Радищев «Путешествие из Петербурга в Москву», Медное – читать

Медное [Глава 19]

 

Радищев. Путешествие из Петербурга в Москву. Главы 19, 20: Медное, Тверь. Аудиокнига

 

«Во поле береза стояла, во поле кудрявая стояла, ой люли, люли, люли, люди…» Хоровод молодых баб и девок; пляшут; подойдем поближе, – говорил я сам себе, развертывая найденные бумаги моего приятеля. Но я читал следующее.

Не мог дойти до хоровода. Уши мои задернулись печалию, и радостный глас нехитростного веселия до сердца моего не проник. О мой друг!
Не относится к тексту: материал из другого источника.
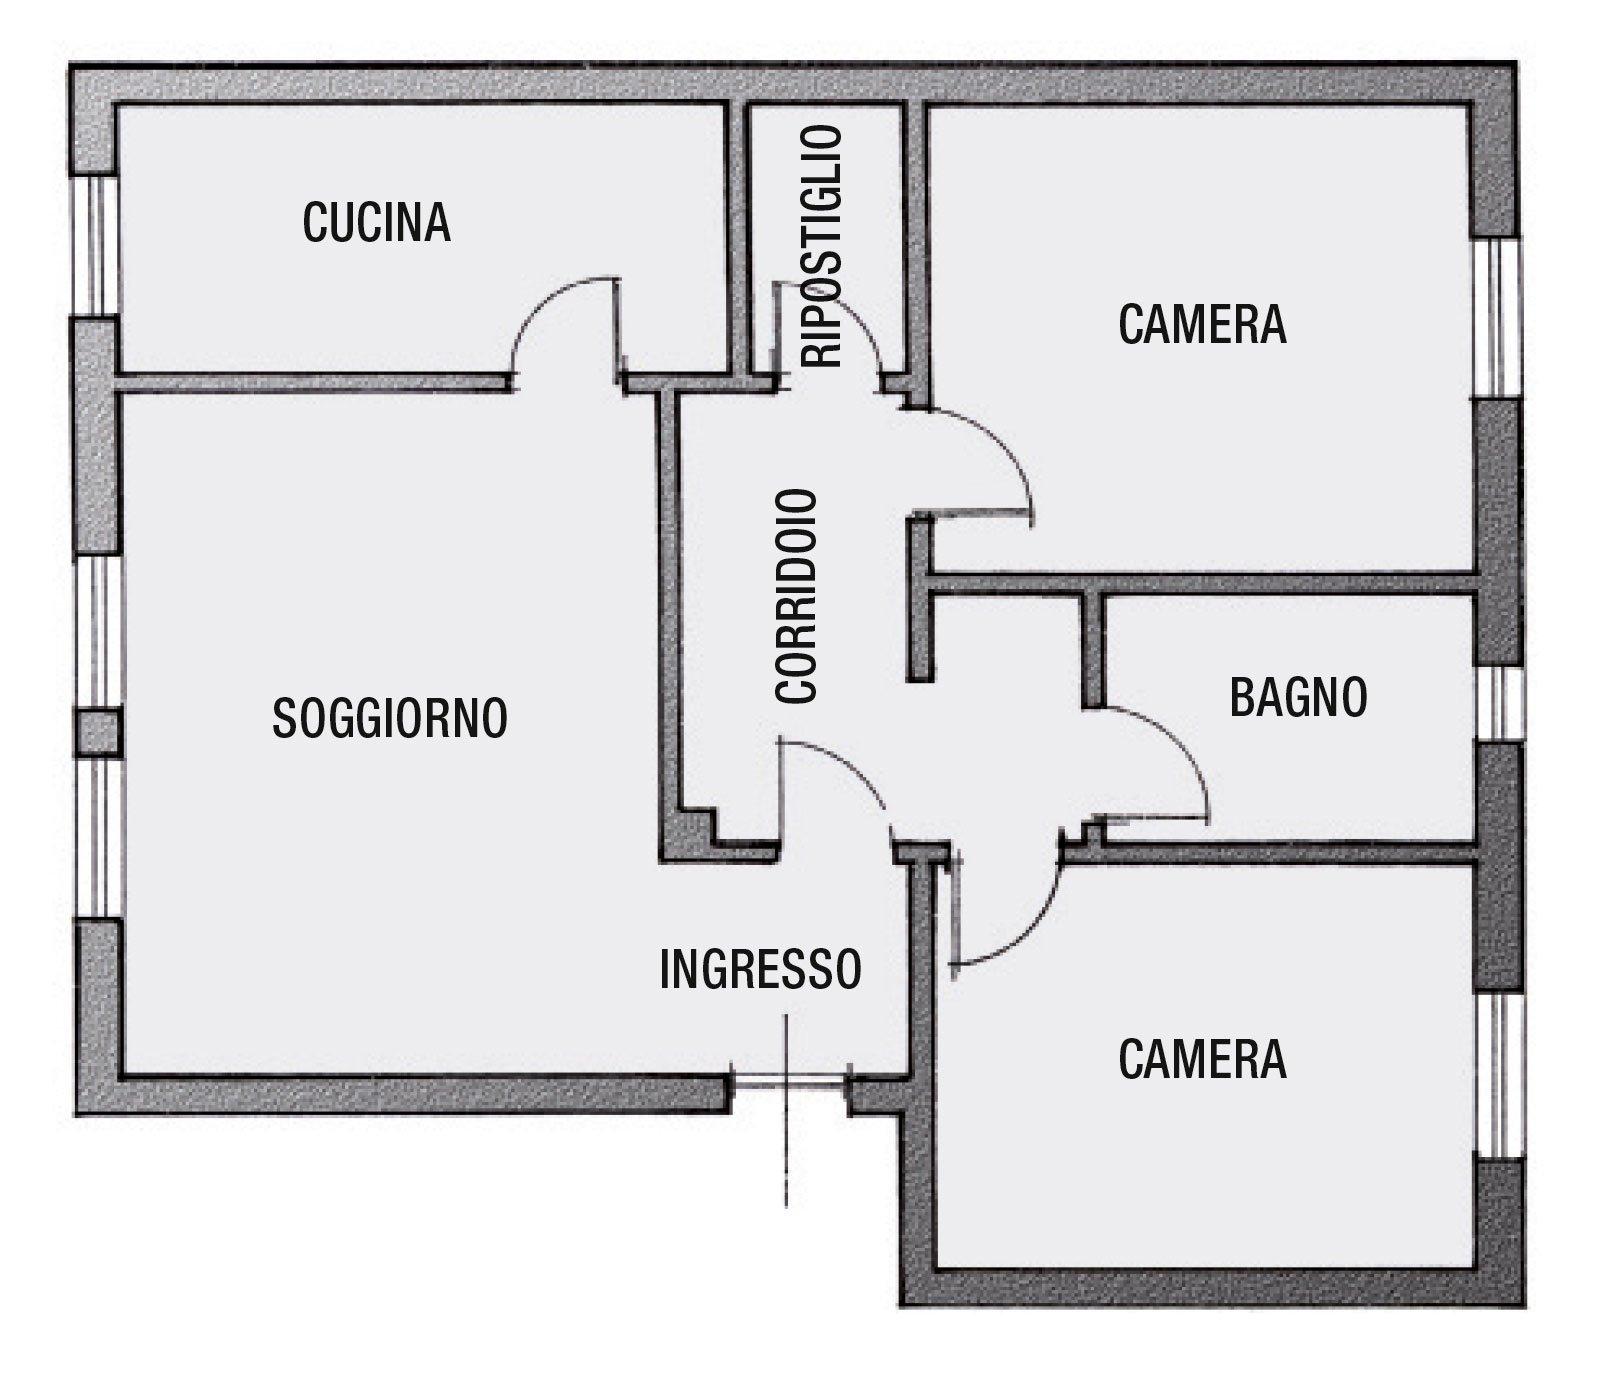 Casabook immobiliare da ripostiglio a bagno la pianta - Pianta bagno ...

Где бы ты ни был, внемли и суди.[1]

Каждую неделю два раза вся Российская империя извещается,[2] что Н. Н. или Б. Б. в несостоянии или не хочет платить того, что занял, или взял, или чего от него требуют. Занятое либо проиграно, проезжено, прожито, проедено, пропито, про… или раздарено, потеряно в огне или воде, или Н. Н. или Б. Б. другими какими-либо случаями вошел в долг или под взыскание. То и другое наравне в ведомостях приемлется.

Публикуется: «Сего… дня полуночи в 10 часов, по определению уездного суда или городового магистрата, продаваться будет с публичного торга отставного капитана Г… недвижимое имение, дом, состоящий в… части, под э… и при нем шесть душ мужеского и женского полу; продажа будет при оном доме.

Желающие могут осмотреть заблаговременно».

На дешевое охотников всегда много. Наступил день и час продажи.

Покупщики съезжаются. В зале, где оная производится, стоят неподвижны на продажу осужденные.

Старик лет в 75, опершись на вязовой дубинке, жаждет угадать, кому судьба его отдаст в руки, кто закроет его глаза. С отцом господина своего он был в Крымском походе, при фельдмаршале Минихе; в Франкфуртскую баталию он раненого своего господина унес на плечах из строю.[3] Возвратясь домой, был дядькою своего молодого барина. Во младенчестве он спас его от утопления, бросаясь за ним в реку, куда сей упал, переезжая на пароме, и с опасностию своей жизни спас его. В юношестве выкупил его из тюрьмы, куда посажен был за долги в бытность свою в гвардии унтер-офицером.

Старуха 80 лет, жена его, была кормилицею матери своего молодого барина; его была нянькою и имела надзирание за домом до самого того часа, как выведена на сие торжище. Во все время службы своея ничего у господ своих не утратила, ничем не покорыстовалась, никогда не лгала, а если иногда им досадила, то разве своим праводушием.

Женщина лет в 40, вдова, кормилица молодого своего барина. И доднесь чувствует она еще к нему некоторую нежность. В жилах его льется ее кровь.

Она ему вторая мать, и ей он более животом своим обязан, нежели своей природной матери. Сия зачала его в веселии, о младенчестве его не радела.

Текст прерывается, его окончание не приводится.